Use of asynchronous I/O functionality (BurstBufferPath in BP4, AsyncWrite in BP5) depends on the application, and might increase the performance or decrease it. Asynchronous I/O can compete with MPI for communication resources, impacting the compute performance of an application.

For SST streaming, the default TCP-based backend does not scale well in HPC situations. Instead, a high-performance backend (libfabric, ucx or mpi (only supported for well-configured MPICH)) should be chosen. The preferred backend usually depends on the system’s native software stack.

For fine-tuning at extreme scale or for exotic systems, please refer to the ADIOS2 manual and talk to your filesystem admins and the ADIOS2 authors. Be aware that extreme-scale I/O is a research topic after all.

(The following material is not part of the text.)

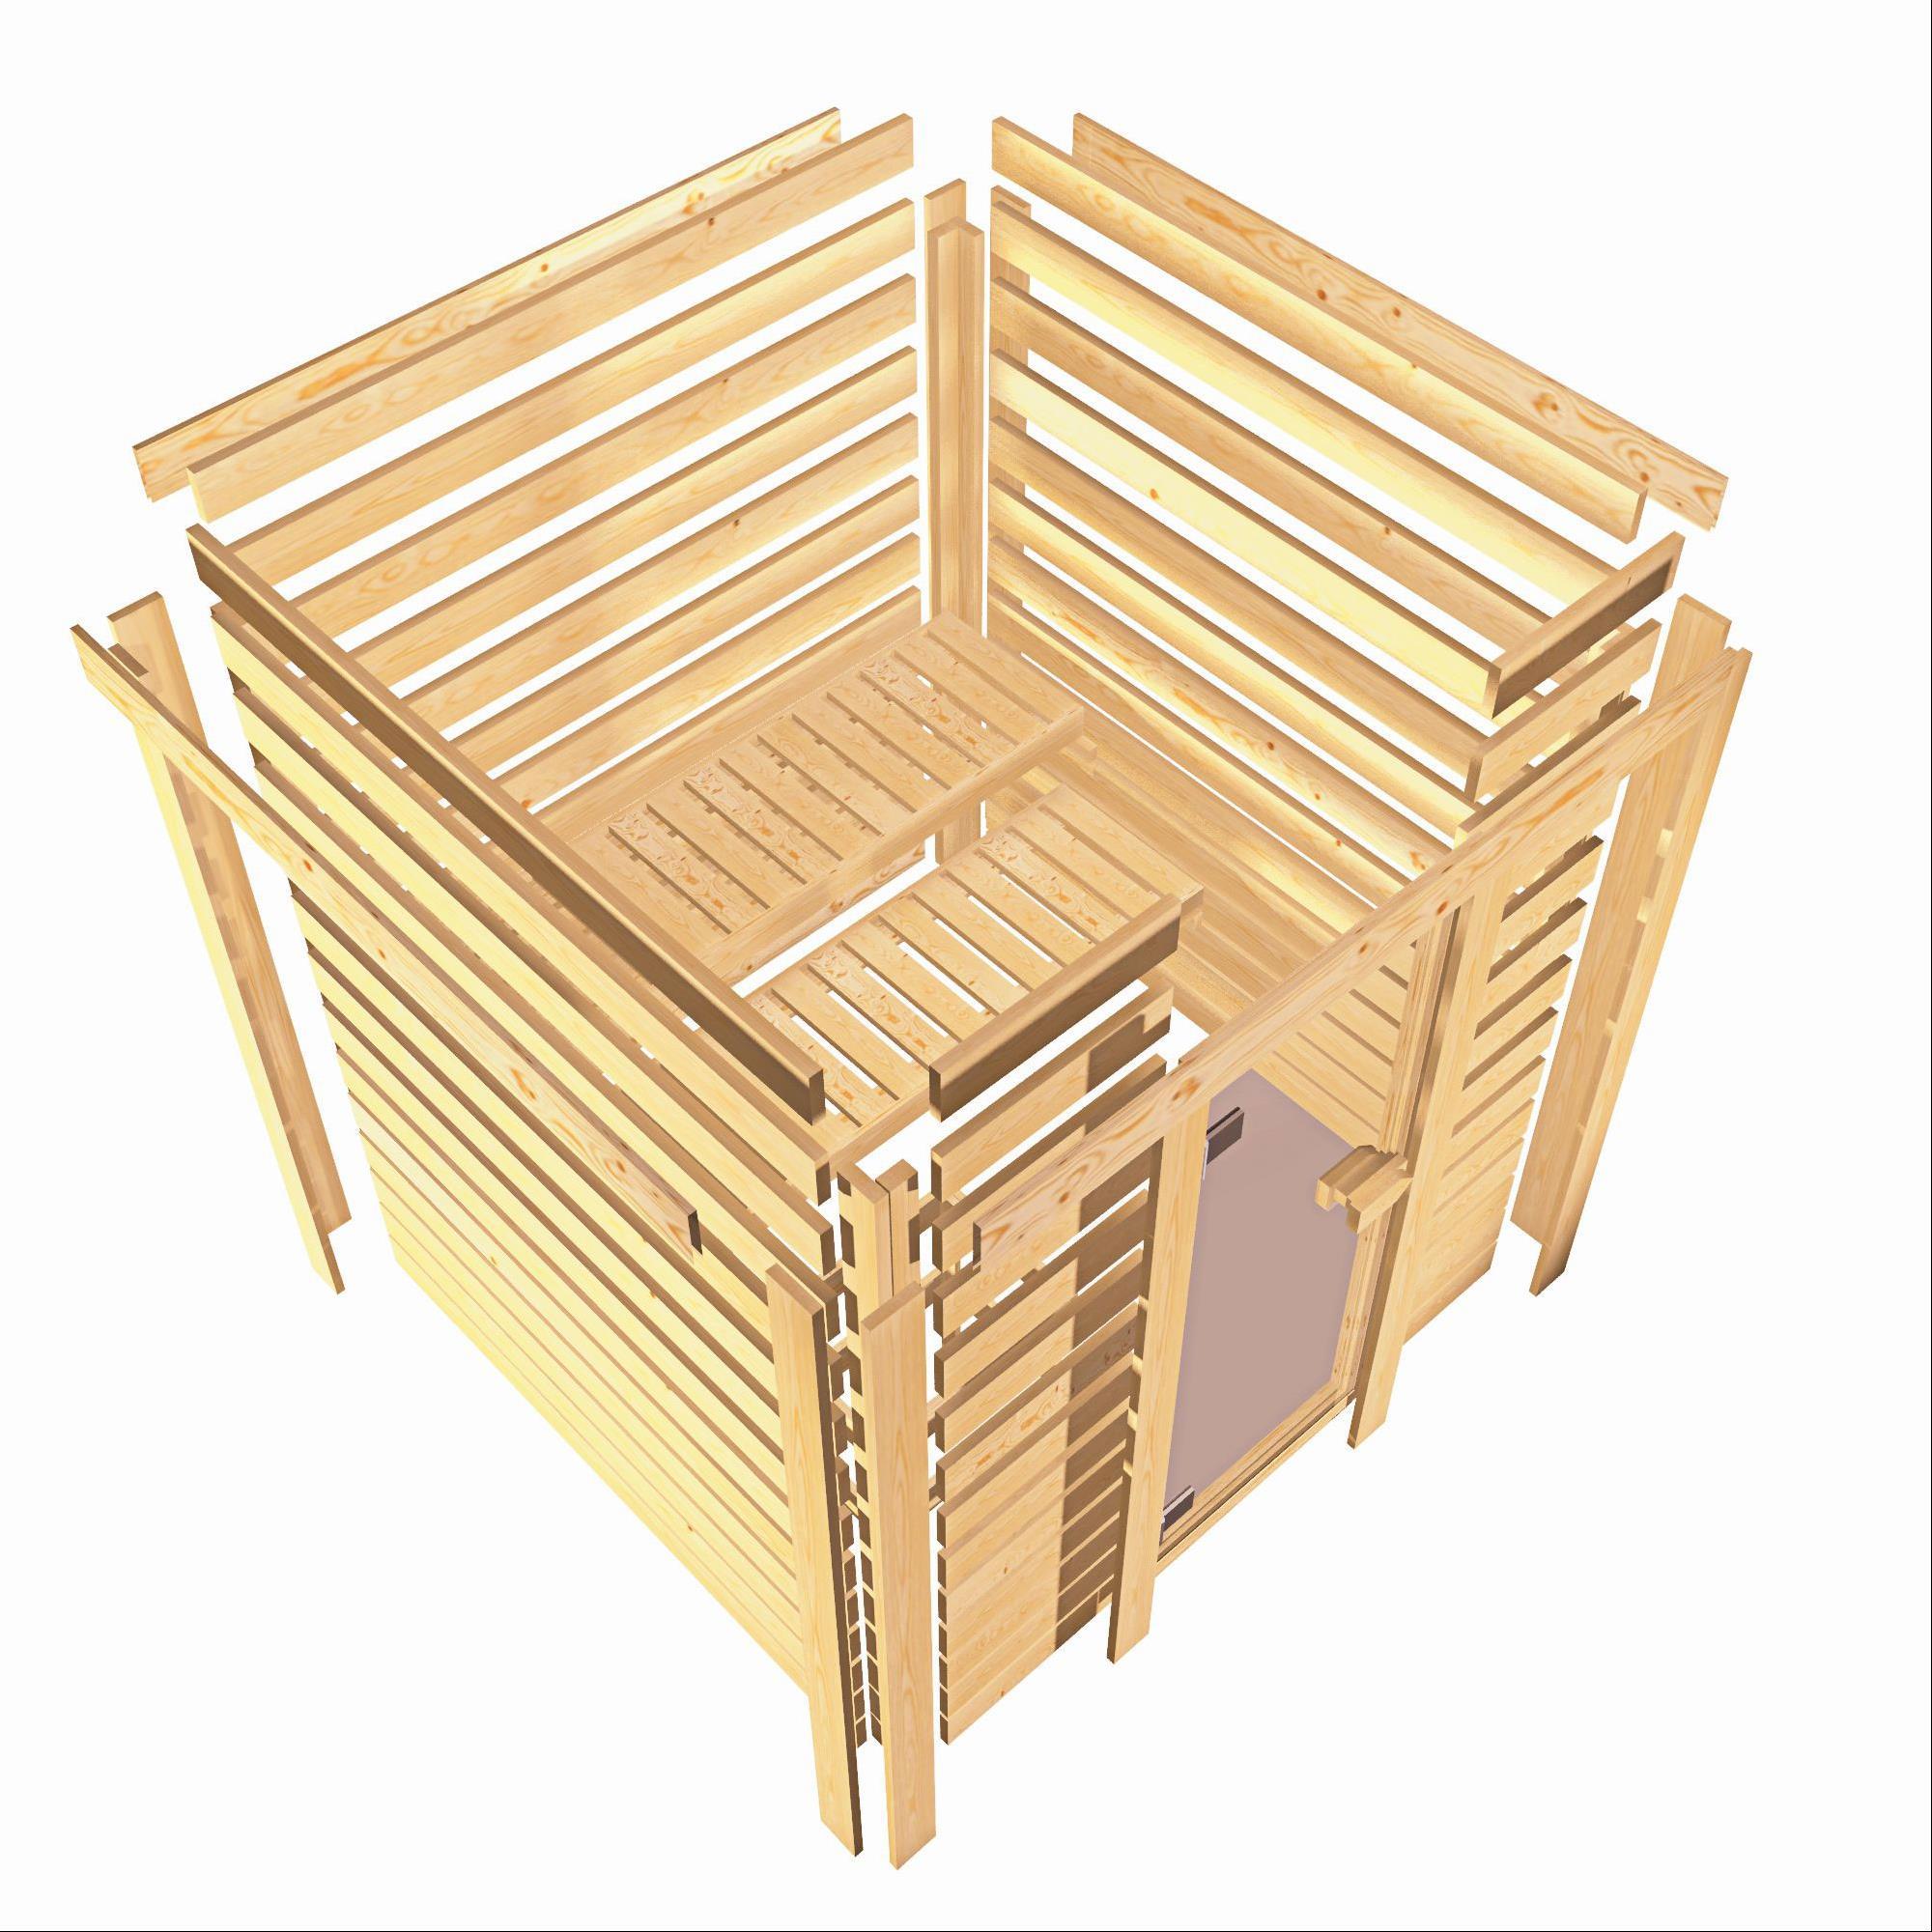 WoodFeeling Sauna Mia 38mm Bio Saunaofen 9kW extern Kranz Klarglas Tür Bild 4

Experimental new ADIOS2 schema

The experimental new ADIOS2 schema is deprecated and will be removed soon. It used to be activated via the JSON parameter adios2.schema = 20210209 or via the environment variable export OPENPMD2_ADIOS2_SCHEMA=20210209.

Do no longer use these options, the created datasets will no longer be read by the openPMD-api.

An alternative data layout with less intrusive changes and similar features is currently in development.

Memory usage

The IO strategy in ADIOS2 is to stage all written data in a large per-process buffer. This buffer is drained to storage only at specific times:

When an engine is closed.
When a step is closed.

The usage pattern of openPMD, especially the choice of iteration encoding influences the memory use of ADIOS2. The following graphs are created from a real-world application using openPMD (PIConGPU) using KDE Heaptrack.

BP4 file engine

The internal data structure of BP4 is one large buffer that holds all data written by a process. It is drained to the disk upon ending a step or closing the engine (in parallel applications, data will usually be aggregated at the node-level before this). This approach enables a very high IO performance by requiring only very few, very large IO operations, at the cost of a high memory consumption and some common usage pitfalls as detailed below:

file-based iteration encoding: A new ADIOS2 engine is opened for each iteration and closed upon Iteration::close(). Each iteration has its own buffer:

Memory usage of file-based iteration encoding

variable-based iteration encoding and group-based iteration encoding with steps: One buffer is created and reused across all iterations. It is drained to disk when closing a step. If carefully selecting the correct InitialBufferSize, this is merely one single allocation held across all iterations. If selecting the InitialBufferSize too small, reallocations will occur. As usual with std::vector (which ADIOS2 uses internally), a reallocation will occupy both the old and new memory for a short time, leading to small memory spikes. These memory spikes can easily lead to out-of-memory (OOM) situations, motivating that the InitialBufferSize should not be chosen too small. Both behaviors are depicted in the following two pictures:

Memory usage of variable-based iteration encoding

Memory usage of variable-based iteration encoding with bad ``InitialBufferSize``

group-based iteration encoding without steps: This encoding should be avoided in ADIOS2. No data will be written to disk before closing the Series, leading to a continuous buildup of memory, and most likely to an OOM situation:

Memory usage of group-based iteration without using steps

SST staging engine

Like the BP4 engine, the SST engine uses one large buffer as an internal data structure.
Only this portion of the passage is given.